Another interesting thing is emotional responses to traits: I have wondered what is the reason that I cannot have the same emotional response to the traits that I like when I am aware of their existence in myself, but when I see them in someone else, it produces a powerful emotional response.

The presence of such traits in myself produces a deep satisfaction and pride, sometimes admiration as well, but when these traits are present in someone else it produces affection, admiration or love, that I cannot feel for myself in the same way. Strange... I wonder why that is.

I'm going to go off on quite a bit of a tangent from the issue of relationships, but your comment provided me with a perfect opportunity to take a bunch of stuff bouncing around in my head and to run with it. Here goes:

The mind possesses an uncanny ability to deal with knowledge that is derived from an enormous amount of information while simultaneously being able to differentiate it from another connected, and also very large body of knowledge. The way this differentiation is expressed is through emotion. To a certain point, your mind is performing the same tasks to produce the feeling of admiration that it would be if you were experiencing your own admirable trait. Feelings like admiration come from an understanding of what is worth admiring. This produces admiration in both your own accomplishments as well as another's. This understanding is the result of a huge amount of thinking that must be done if the admiration is to be expressed towards someone deserving of it. This process works up to a certain point. After that, deeper considerations come into play and in turn, deeper, more delicate emotions are evoked.

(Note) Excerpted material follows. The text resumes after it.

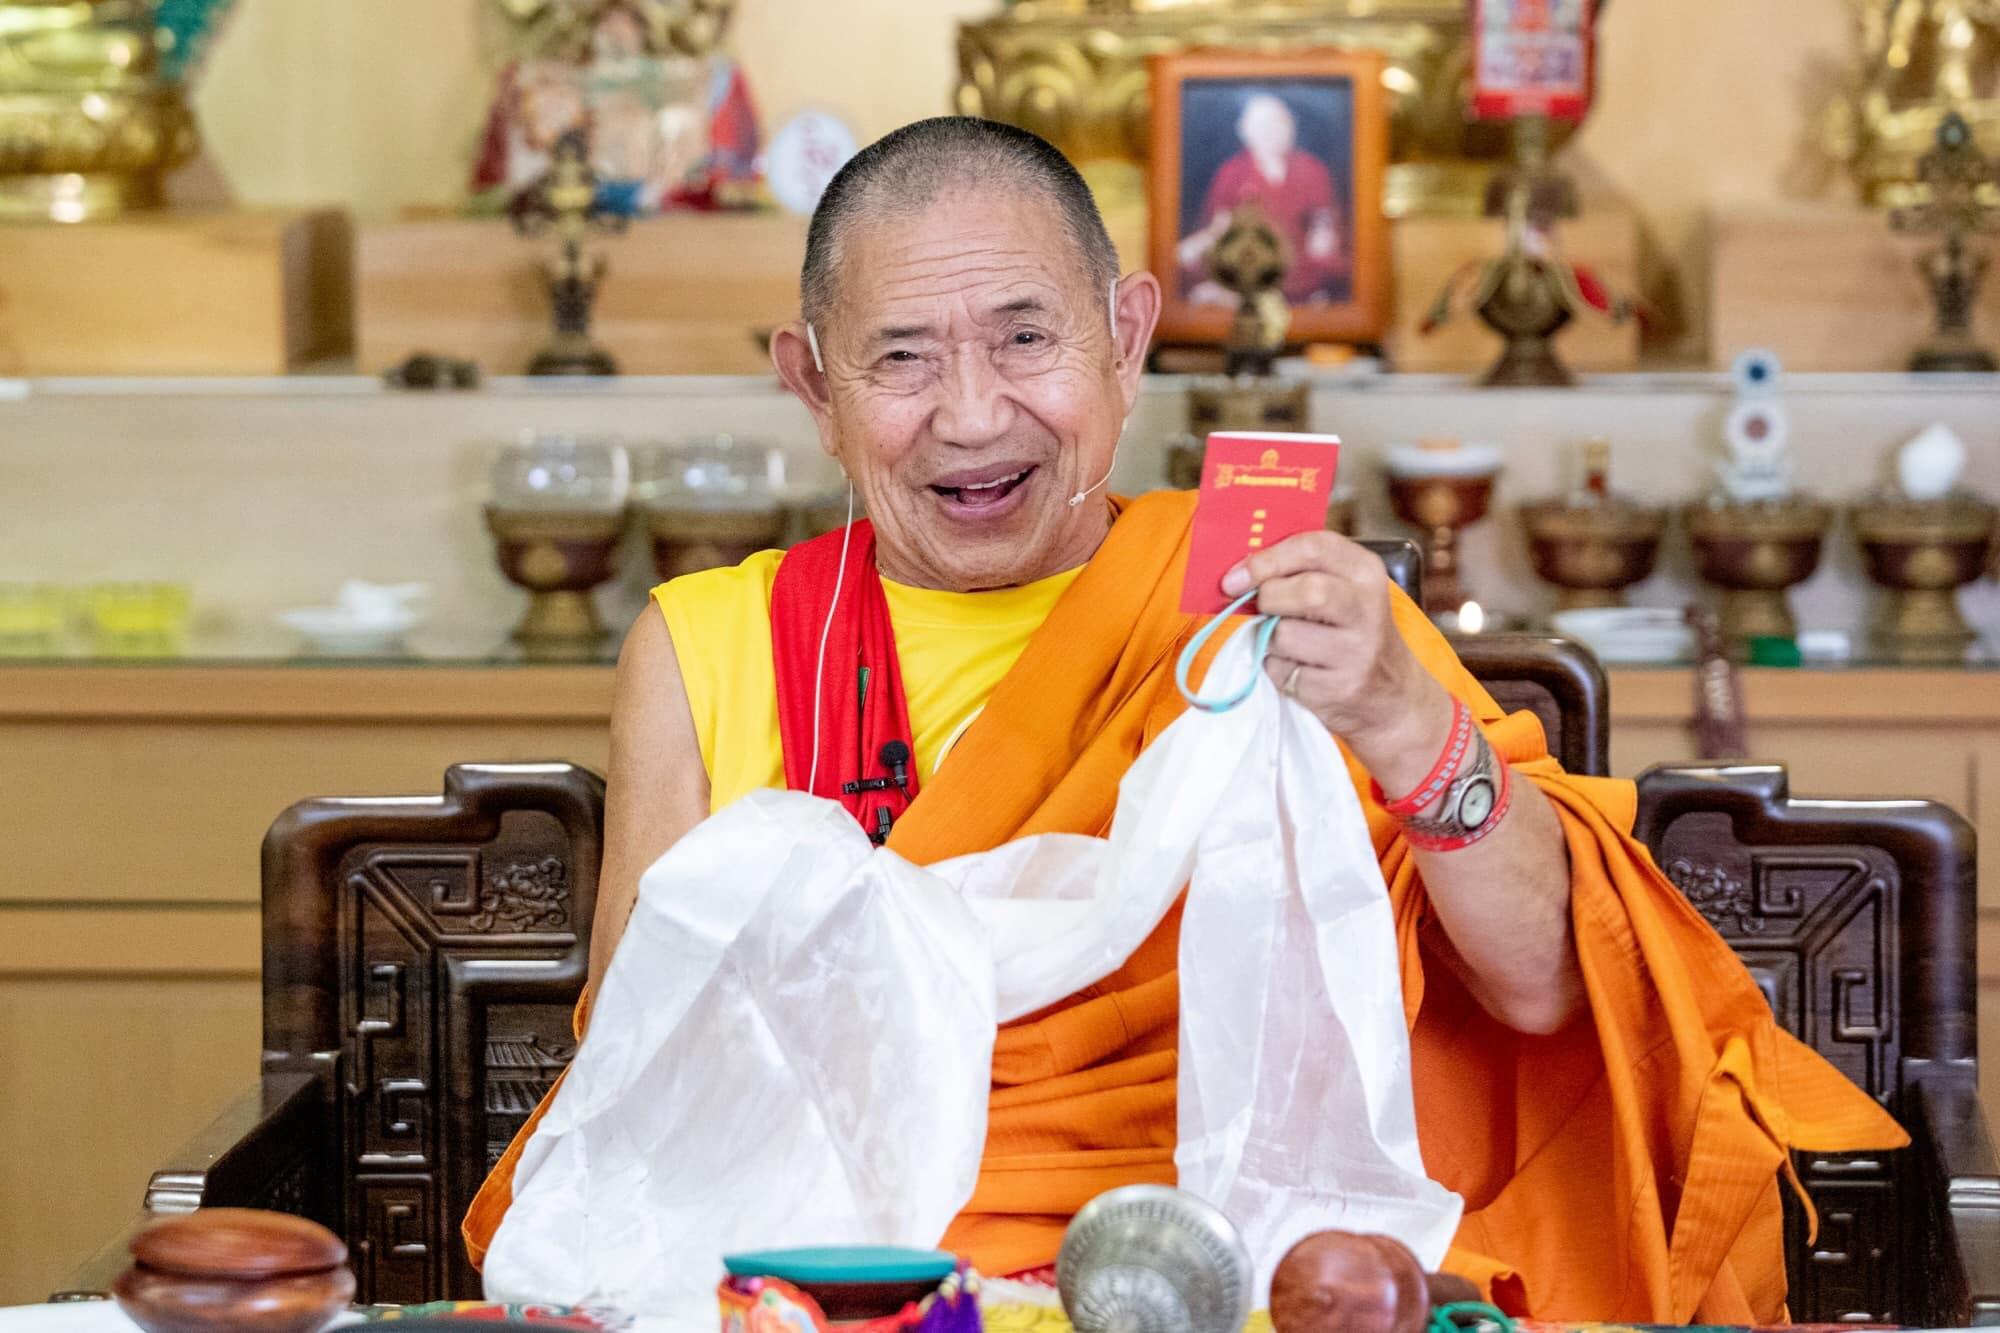 Ретрит Гарчена Ринпоче в Тайване продолжается 台灣噶千佛學會 Taiwan Garchen Dharma Institute 2019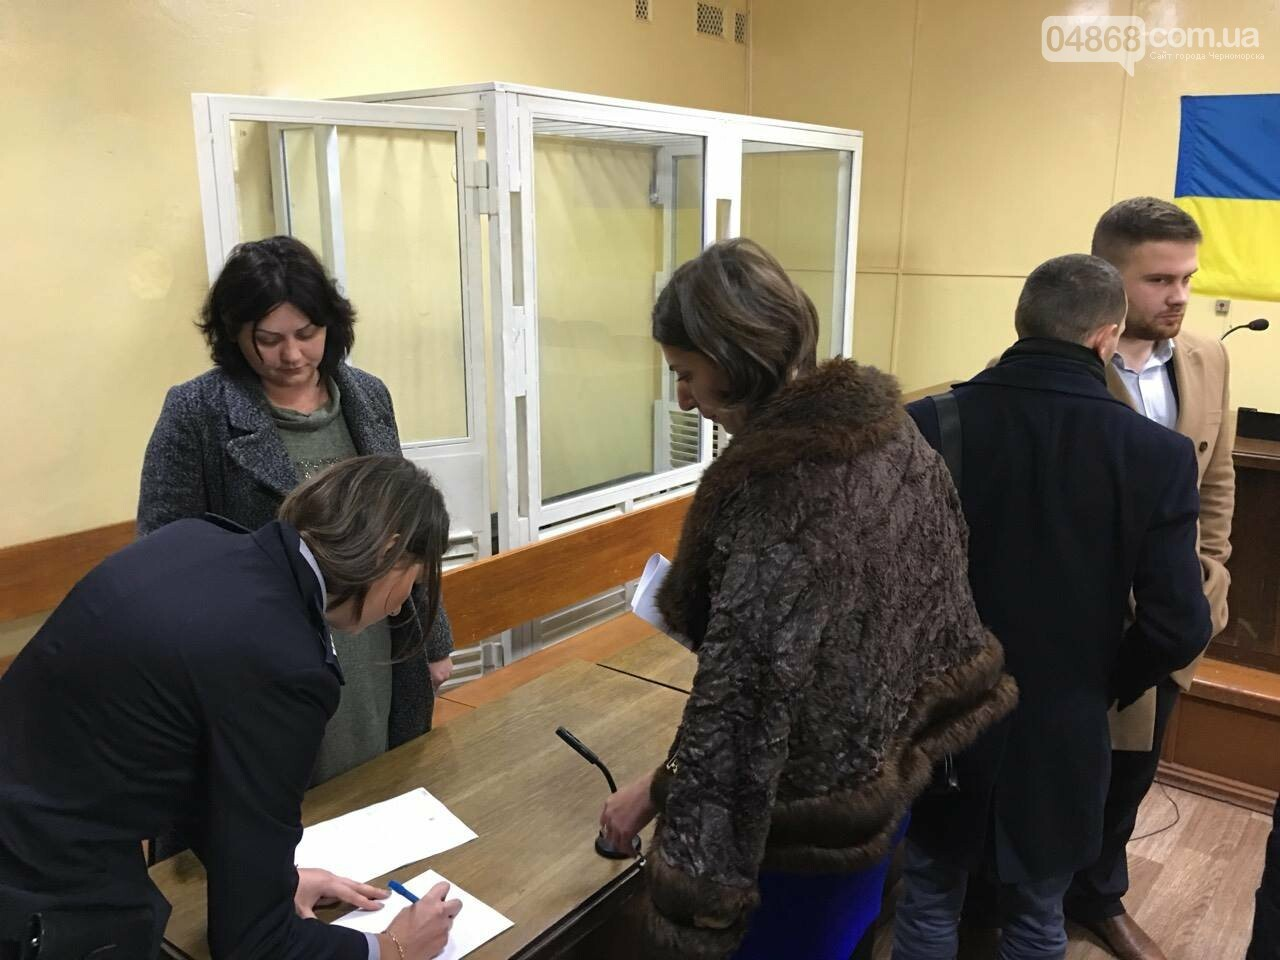 Суд вынес решение об аресте директора СК «ДИАМАНТ», фото-1

In your case, those considerations seem to be a healthy, internalized sense of where your existence ends and the existence of others begins that keeps your love of self distinct from your love of others. The concious recognition of this is a gigantic intellectual achievement, but it is not what the mind uses to keep you from behaving irrationally in the heat of the moment. Even if you and another are very similar, or even identical in some narrow respect, your emotional template is tuned well enough towards that knowledge to always recall that there is a difference between "me" and "you." The opposite of this - the failure to consistently recognize that individuals are distinct and independent - is a notorious phenomenon called enmeshment or co-dependency that is responsible for corroding many relationships as well as the individuals involved in them.

If a person fails to do this thinking he will not experience the response appropriate to a given situation. If someone, for example, accepts that athletic ability is to be admired simply because those around seems to admire it, when he experiences expectional feats of athleticism, the emotion produced will resemble admiration but what will really be experienced is relief. Relief from the anxiety that he is "normal" in his enjoyment of sports. When this person tells himself "I feel admiration" even though he actually feels relief, the message his subconcious recieves is much different. What the mind interprets this lie to mean is to not trust itself and to instead delegate what it knows to be true - that relief from anxiety just occured - to what it wants to be true - admiration was just felt.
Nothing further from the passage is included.